Early-stage lung cancer detection may extend beyond traditional high-risk smoker populations, potentially reshaping screening guidelines for broader demographic groups. This finding challenges the conventional wisdom that low-dose CT screening primarily benefits heavy smokers in Western populations.
A comprehensive analysis of 4,478 Thai adults undergoing low-dose computed tomography revealed a 1.2% cancer detection rate, with 70% of cancers caught at stage 0-IB. Notably, 84% of participants were never-smokers, yet the screening identified 53 lung cancers, predominantly adenocarcinomas with solid morphology. The screening protocol used advanced 256-slice spectral CT technology with radiation exposure under 1.5 mSv, interpreted using standardized Lung-RADS criteria.
This research fills a critical gap in Southeast Asian lung cancer screening data, where genetic predispositions and environmental exposures may differ significantly from Western populations. The high proportion of early-stage cancers detected suggests that broader screening programs could substantially improve survival outcomes in regions with limited smoking-based risk stratification. Age over 55, smoking history, coronary artery calcification, and previous extrapulmonary malignancy emerged as independent predictors.

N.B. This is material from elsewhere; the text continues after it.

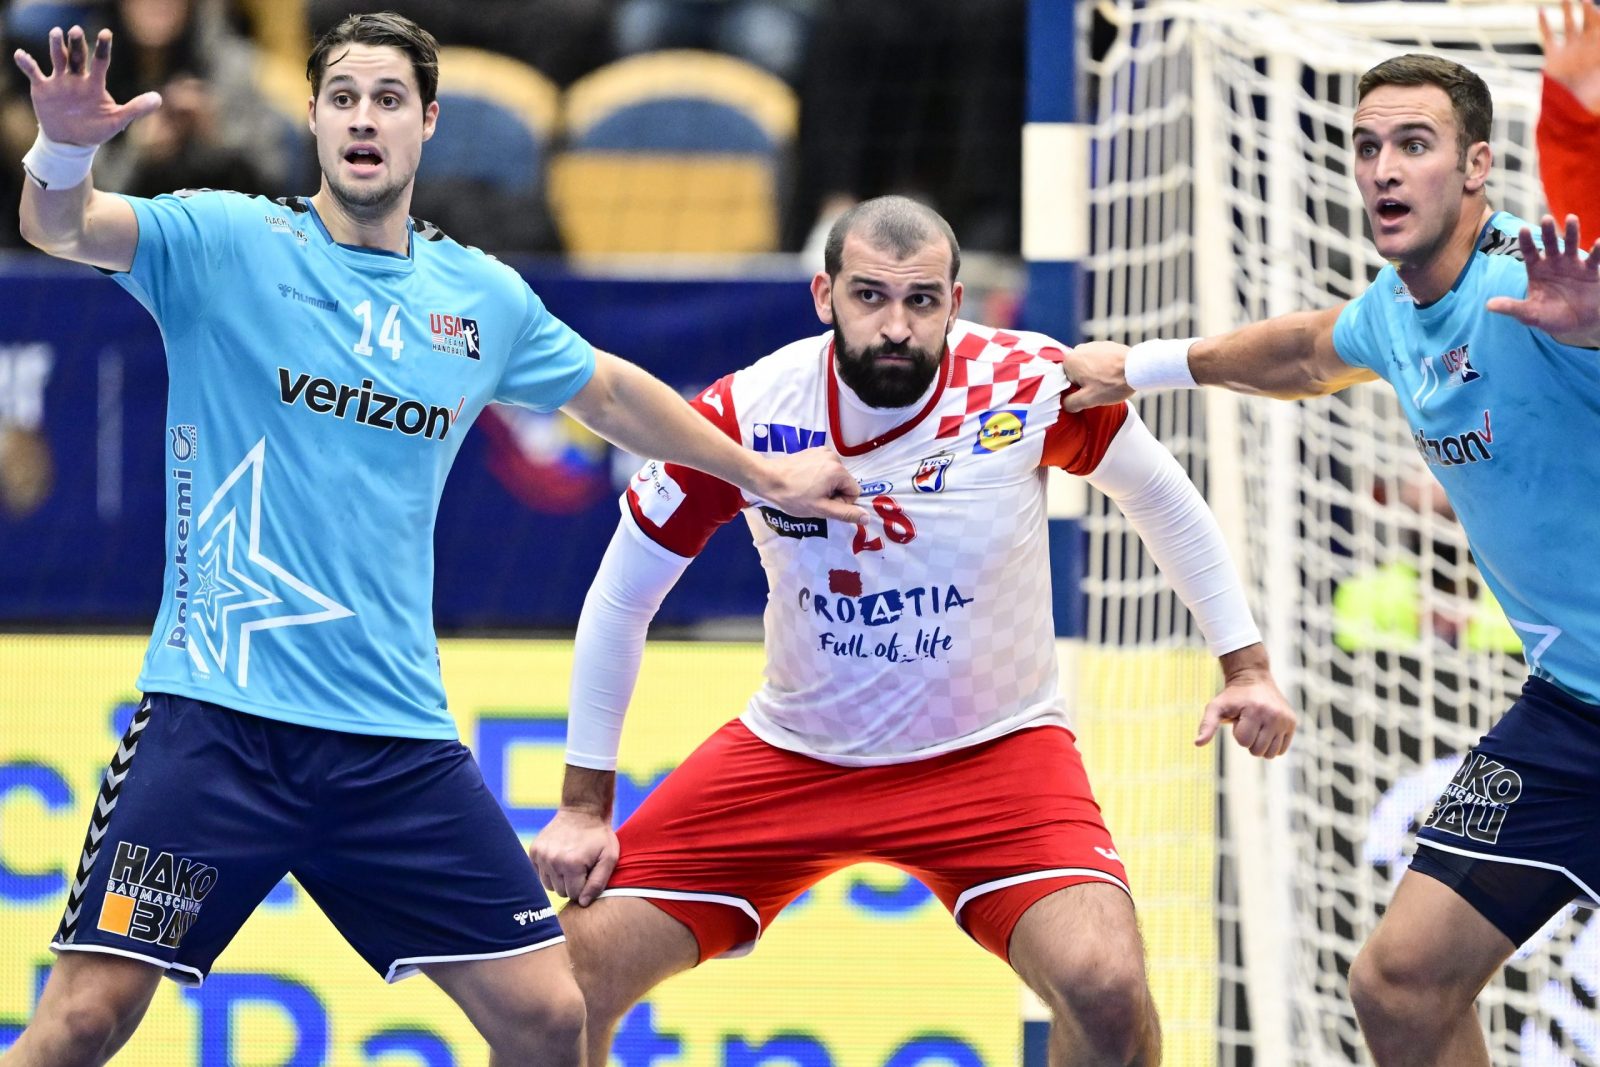 epa10407672 Croatia's Zeljko Musa (C) is stopped by USA's Ian Hueter (L) and Andrew Donlin during the IHF Men's World Championship group G handball match between Croatia and USA, in Jonkoping, Sweden, 15 January 2023.  EPA/Mikael Fritzon SWEDEN OUT SWEDEN OUT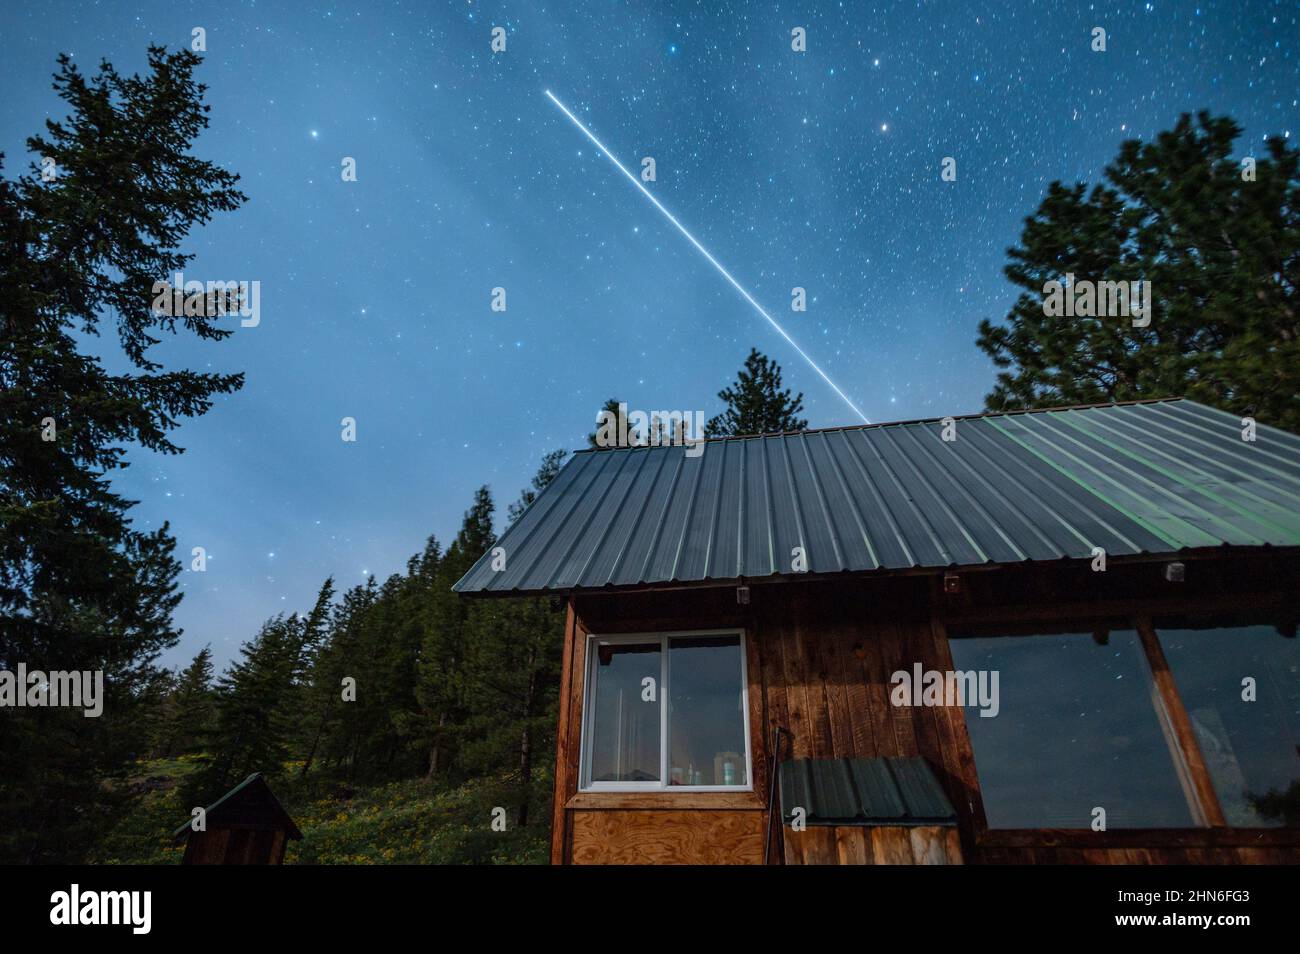 The International Space Station flying over a cabin at night Stock Photo

The study's limitation lies in its single-center design at a private Bangkok hospital, potentially limiting generalizability across socioeconomic strata. However, the substantial detection rate among non-smokers represents a paradigm-shifting finding that warrants expanded screening considerations. This data supports expanding eligibility criteria beyond smoking-centric guidelines, particularly in Asian populations where lung cancer patterns may reflect different environmental and genetic risk factors than those established in predominantly Caucasian cohorts.